Był już doliczony czas gry w meczu Izrael - Polska, gdy na murawę stadionu w Jerozolimie wbiegł jeden z miejscowych kibiców. Za nim ruszyło kilku ochroniarzy, a jeden z nich... wpadł w Tomasza Kędziorę. Reprezentant Polski dość mocno ucierpiał w zderzeniu i przez kilka chwil nie podnosił się z boiska.
Wydawało się, że sędzia najpierw chce przerwać ten mecz, bo sądził, że to kibic zdemolował Kędziorę. Podbiegł do linii bocznej, a do dyskusji włączyli się kierownicy obu reprezentacji oraz piłkarze - Sędzia chciał przerwać mecz, bo myślał, że w Tomka Kędziorę wpadł kibic, ale my zapewniliśmy go, że to był ochroniarz i poprosiliśmy o kontynuowanie gry - mówił po meczu Kamil Glik w rozmowie z TVP Sport.
- Tutaj brawa należą się nie tylko dla arbitra, który wykazał się dużą przytomnością umysłu, odpowiedzialnością i wyobraźnią, lecz także dla kierownictwa i piłkarzy reprezentacji Polski, którzy nawet nie próbowali wykorzystać tej sytuacji jako pretekstu do eskalowania problemu dla uzyskania dodatkowych korzyści przy tak zwanym zielonym stoliku UEFA - pisze w swoim felietonie dla sport.tvp.pl Rafał Rostkowski, były międzynarodowy sędzia FIFA.
Sędzia Rostkowski pochwalił także arbitra Mattiasa Gestraniusa za sytuację z pierwszej połowy, gdy Polacy dostali rzut wolny pośredni. - Sytuacja była niezwykle trudna do oceny, tym bardziej dla sędziów na boisku, którzy w tym meczu nie mogli korzystać z systemu VAR i dodatkowo zgodnie z regułami nie mogliby skorzystać z powtórek w tej specyficznej sytuacji.
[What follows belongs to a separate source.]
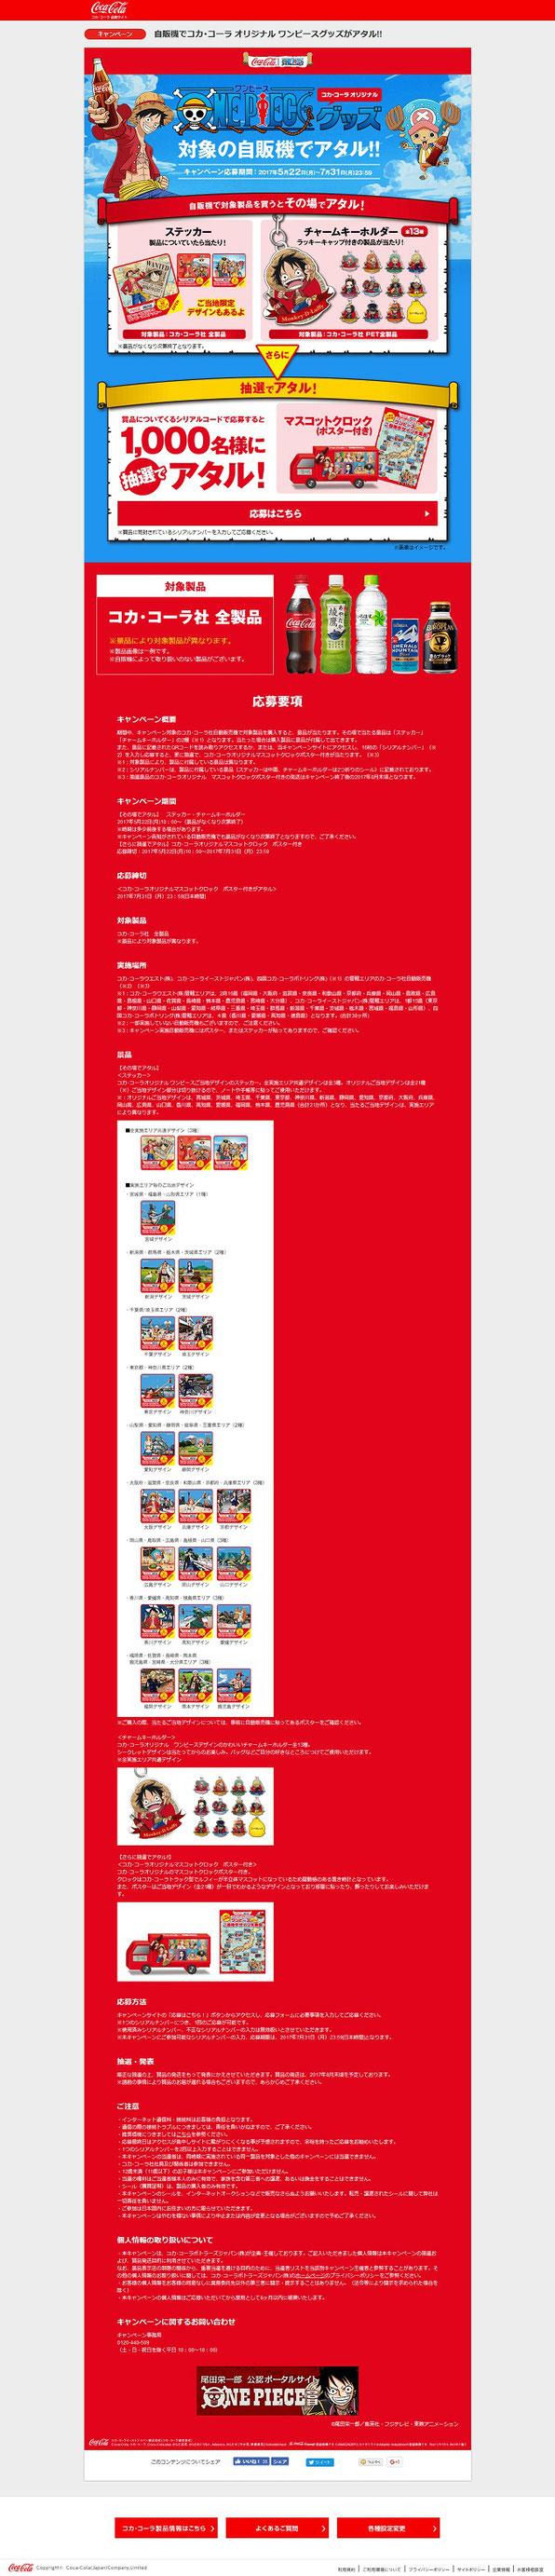 【コカ・コーラ】ワンピース 自販機でオリジナルグッズがアタル・キャンペーン
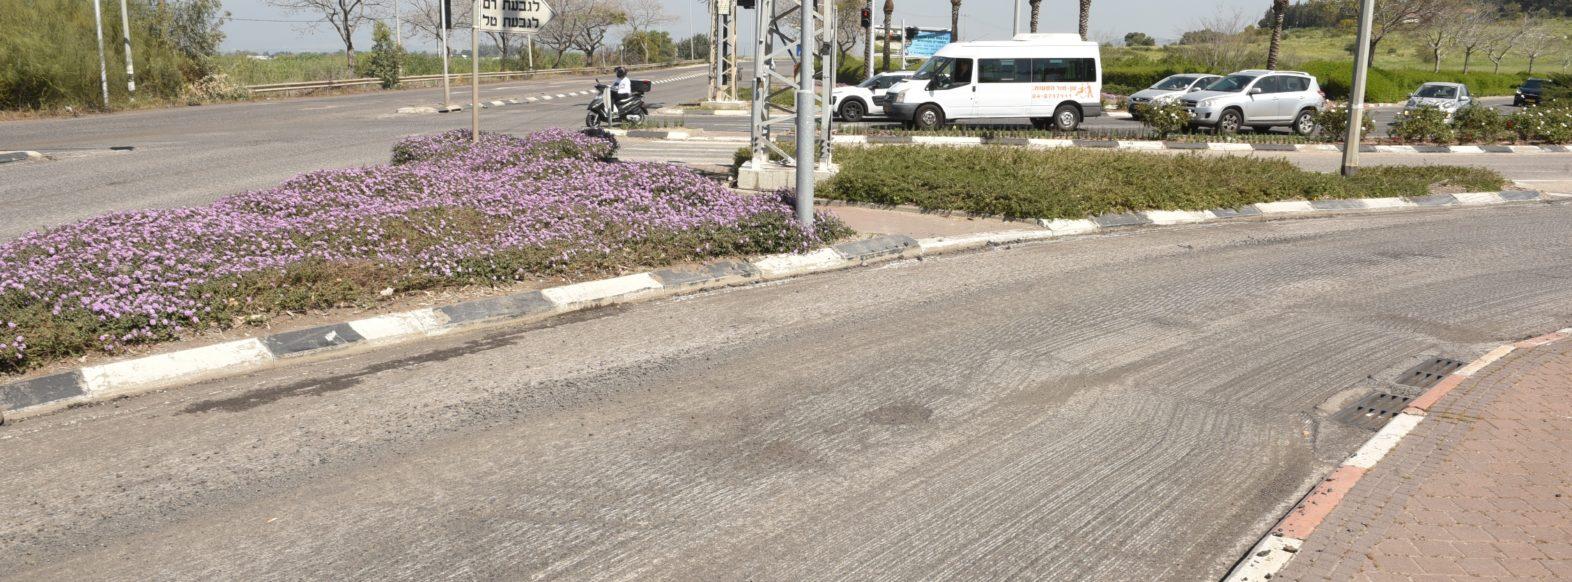 עבודות תשתית לשדרוג רחובות ברחבי העיר

Trudność polegała na tym, że tuż przed złapaniem piłki przez bramkarza Piątek próbował ją zagrać i najprawdopodobniej chybił stopą minimalnie - dodał w swoim felietonie Rafał Rostkowski.
We wtorek o godzinie 20:45 zespół Jerzego Brzęczka na PGE Narodowym w Warszawie zagra ze Słowenią. Będzie to nie tylko zakończenie eliminacji Euro 2020, ale też oficjalne pożegnanie Łukasza Piszczka.